### TASK REQUIREMENTS
Every line of the data below is to be given again as it appears, with the images removed.

*** INPUT DATA ***

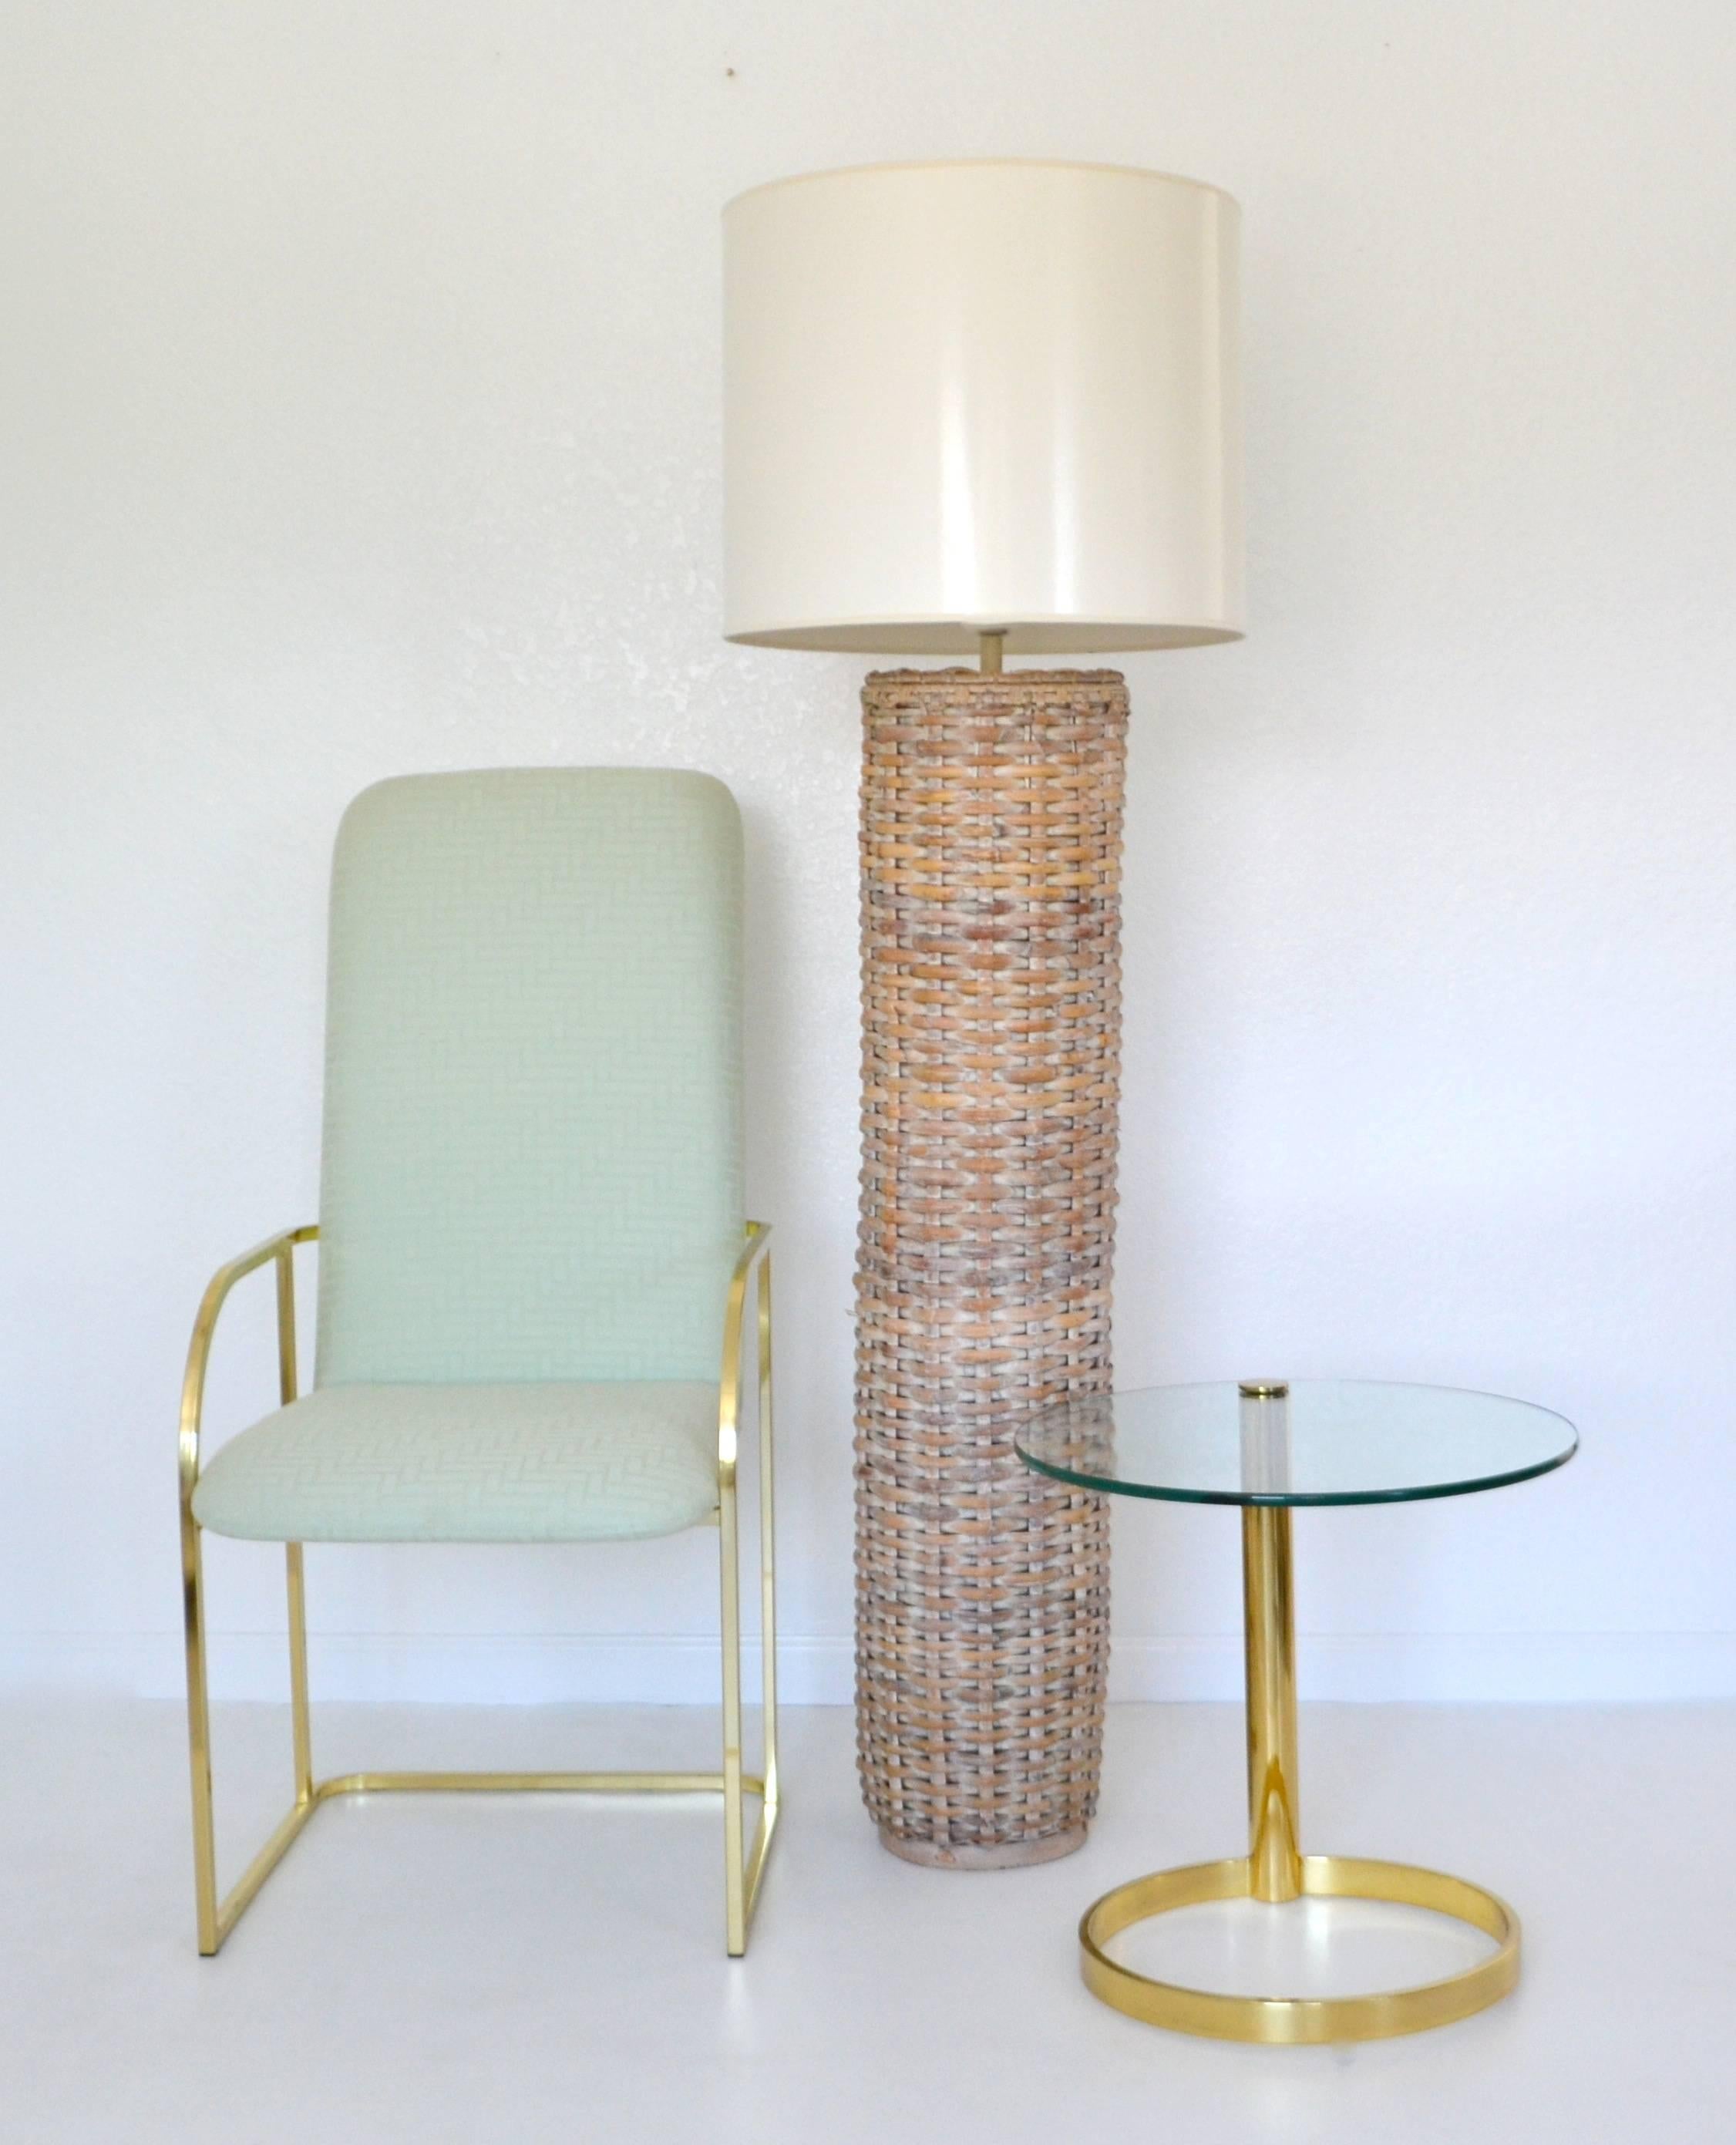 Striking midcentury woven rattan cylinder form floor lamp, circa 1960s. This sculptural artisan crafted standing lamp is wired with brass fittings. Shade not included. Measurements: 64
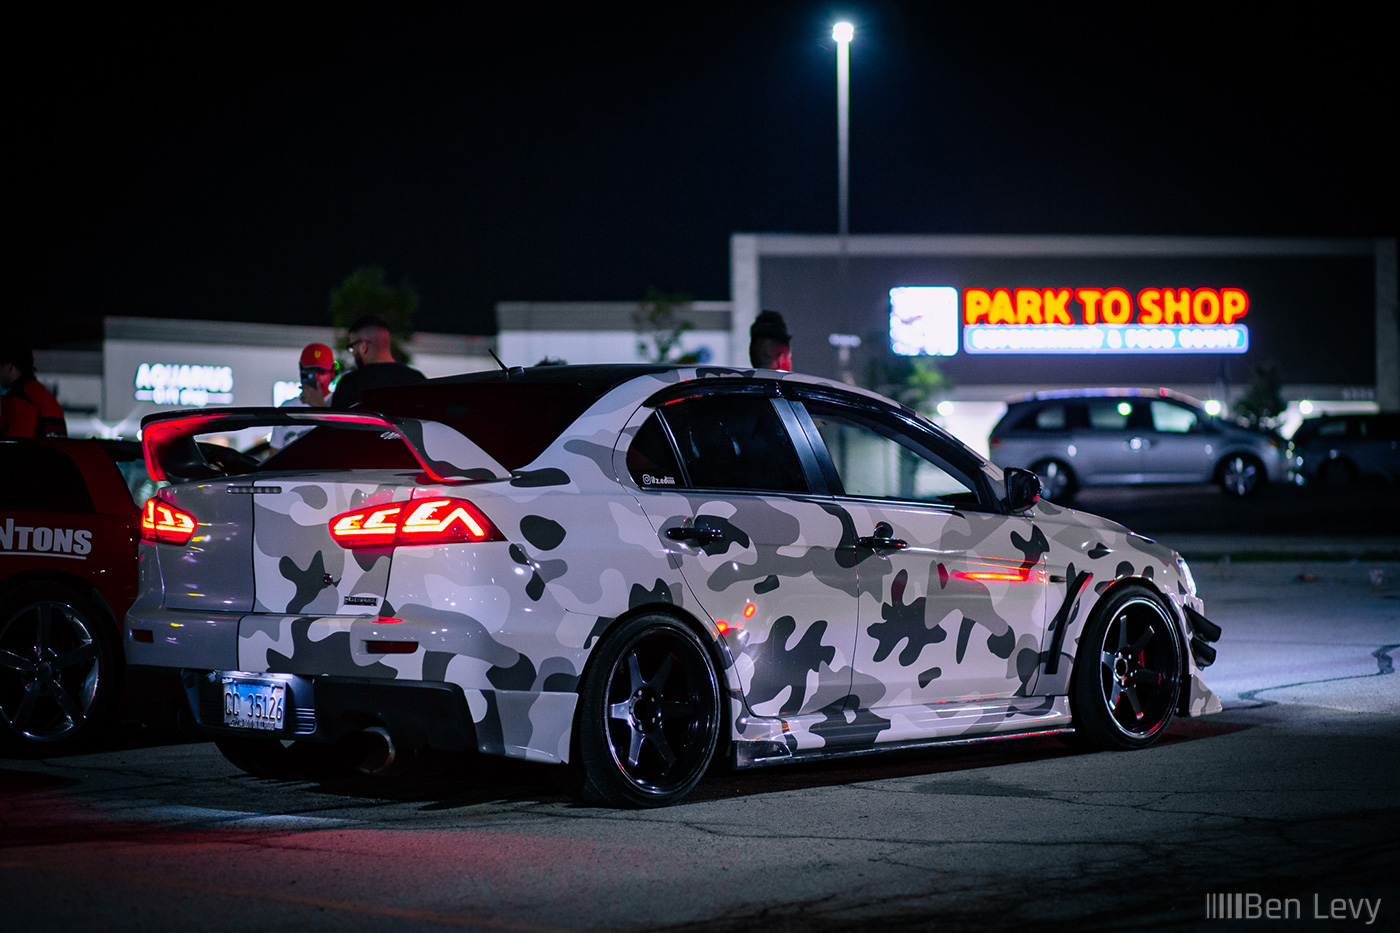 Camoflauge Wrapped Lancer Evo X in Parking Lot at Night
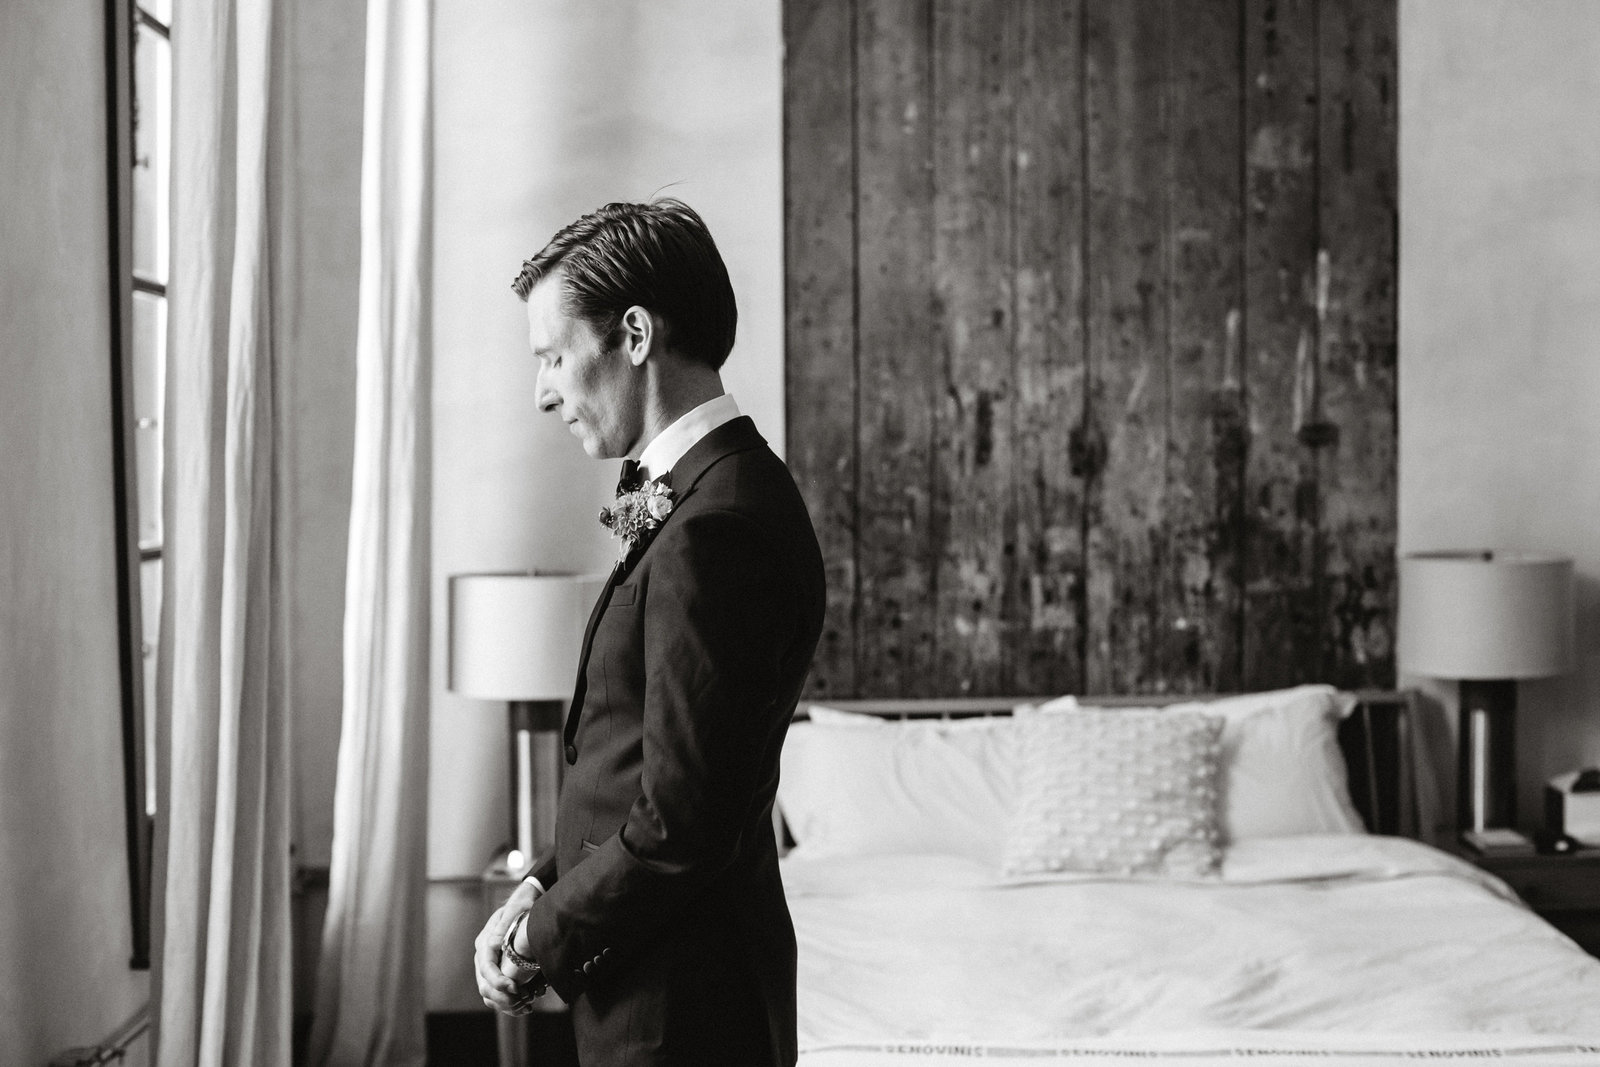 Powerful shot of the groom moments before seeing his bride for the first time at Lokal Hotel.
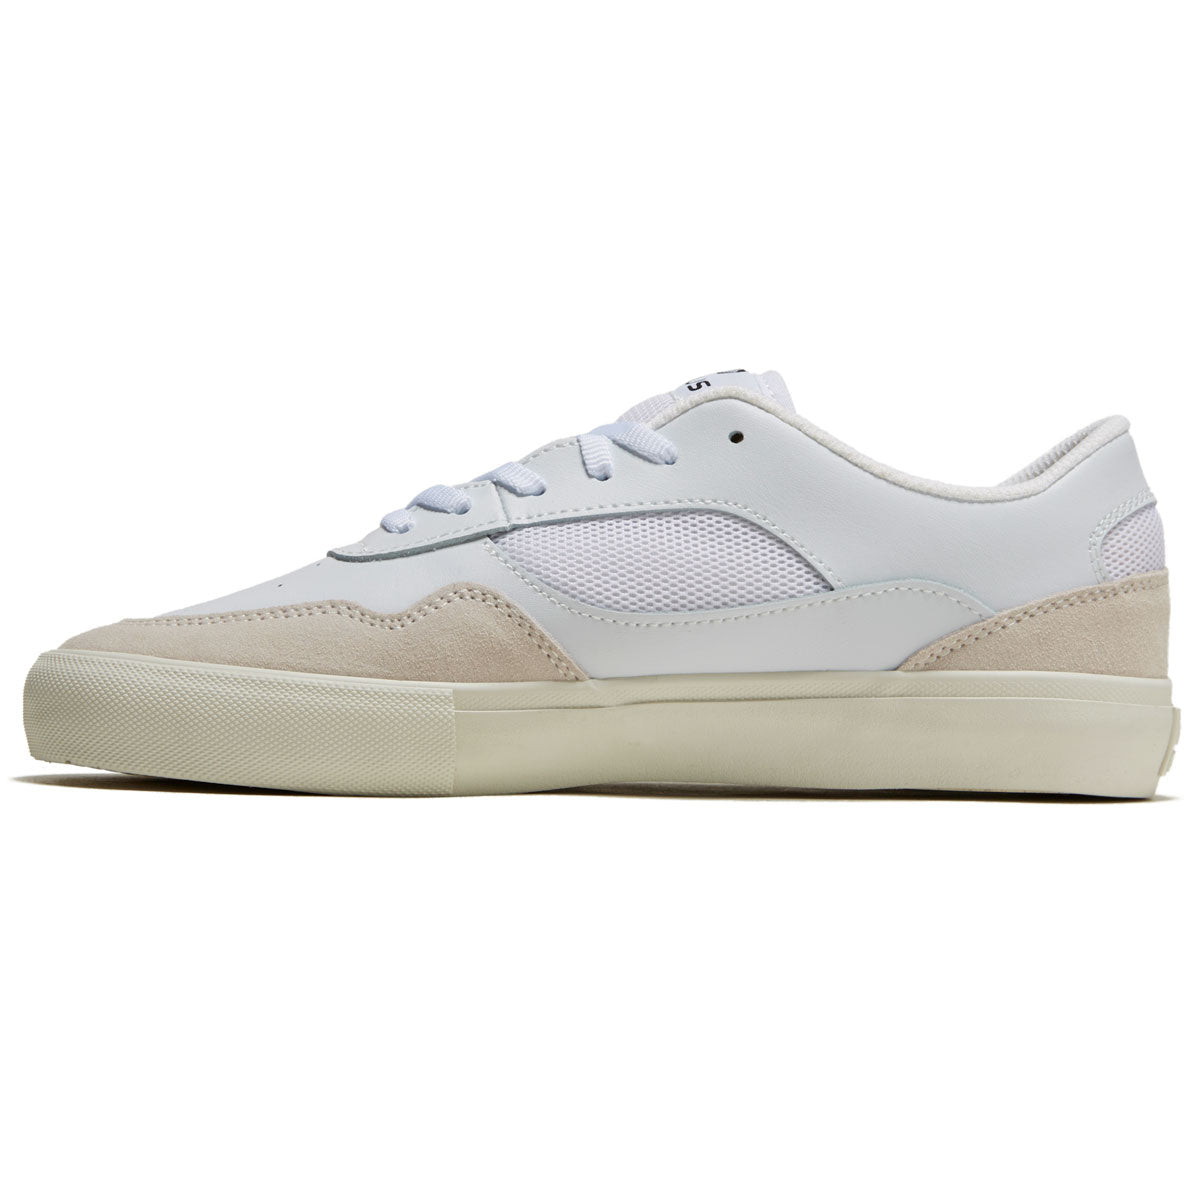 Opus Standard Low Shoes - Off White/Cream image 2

*** End of INPUT DATA ***

### EXERCISE SOLUTION
 Striking midcentury woven rattan cylinder form floor lamp, circa 1960s. This sculptural artisan crafted standing lamp is wired with brass fittings. Shade not included. Measurements: 64
 Camoflauge Wrapped Lancer Evo X in Parking Lot at Night
 Powerful shot of the groom moments before seeing his bride for the first time at Lokal Hotel.
 Opus Standard Low Shoes - Off White/Cream image 2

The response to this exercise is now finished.